* AIM OF THE EXERCISE *
From the data that follows, print exactly the lines starting at the one containing "Men's Premium Cotton" and ending at the one containing "Arlo Ultra 2"; include both of them and nothing more.

* DATA SUPPLIED *
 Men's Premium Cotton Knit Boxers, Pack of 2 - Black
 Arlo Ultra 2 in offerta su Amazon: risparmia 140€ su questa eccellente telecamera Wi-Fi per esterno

==

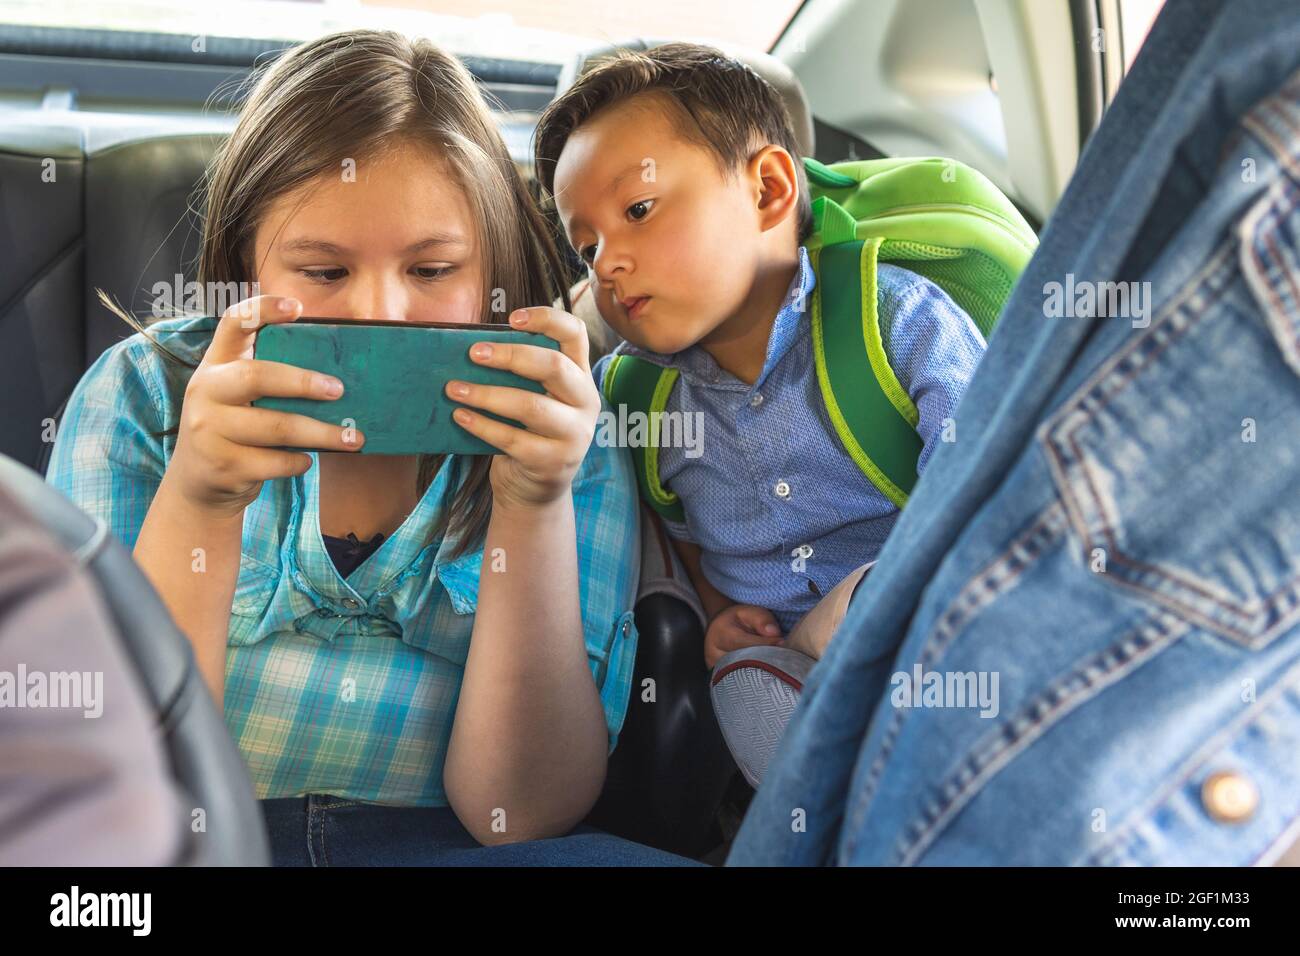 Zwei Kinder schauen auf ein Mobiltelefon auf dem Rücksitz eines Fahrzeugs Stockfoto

* ANSWER *
 Men's Premium Cotton Knit Boxers, Pack of 2 - Black
 Arlo Ultra 2 in offerta su Amazon: risparmia 140€ su questa eccellente telecamera Wi-Fi per esterno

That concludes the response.